#### TASK DATA:
◆ ◆ ◆ ◆

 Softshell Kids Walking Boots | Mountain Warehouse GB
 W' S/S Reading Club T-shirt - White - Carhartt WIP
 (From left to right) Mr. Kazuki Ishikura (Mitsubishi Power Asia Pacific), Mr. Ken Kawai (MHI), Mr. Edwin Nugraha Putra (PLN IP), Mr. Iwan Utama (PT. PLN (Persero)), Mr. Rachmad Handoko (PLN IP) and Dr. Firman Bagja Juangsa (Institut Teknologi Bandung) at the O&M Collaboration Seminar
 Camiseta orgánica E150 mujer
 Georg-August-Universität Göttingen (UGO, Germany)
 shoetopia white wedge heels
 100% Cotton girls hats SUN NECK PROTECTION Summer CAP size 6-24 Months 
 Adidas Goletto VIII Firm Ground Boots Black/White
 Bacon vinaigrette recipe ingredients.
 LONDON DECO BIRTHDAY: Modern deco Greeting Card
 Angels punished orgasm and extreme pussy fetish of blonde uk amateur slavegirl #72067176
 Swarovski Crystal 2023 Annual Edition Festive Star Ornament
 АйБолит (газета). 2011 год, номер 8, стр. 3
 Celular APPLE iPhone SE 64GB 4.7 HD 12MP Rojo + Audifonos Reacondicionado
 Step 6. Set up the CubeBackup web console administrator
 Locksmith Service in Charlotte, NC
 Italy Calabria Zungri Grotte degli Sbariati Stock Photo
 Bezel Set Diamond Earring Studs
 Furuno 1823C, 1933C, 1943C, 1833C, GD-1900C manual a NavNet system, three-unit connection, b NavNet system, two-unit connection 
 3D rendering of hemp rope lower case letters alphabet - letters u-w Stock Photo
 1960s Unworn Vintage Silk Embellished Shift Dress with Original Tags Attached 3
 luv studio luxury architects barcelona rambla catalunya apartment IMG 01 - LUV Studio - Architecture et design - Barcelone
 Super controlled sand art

◆ ◆ ◆ ◆

#### EXERCISE AIM:
Where the word "Stock" is present in a line of the listing, copy that line.

#### WRITTEN RESPONSE:
 Italy Calabria Zungri Grotte degli Sbariati Stock Photo
 3D rendering of hemp rope lower case letters alphabet - letters u-w Stock Photo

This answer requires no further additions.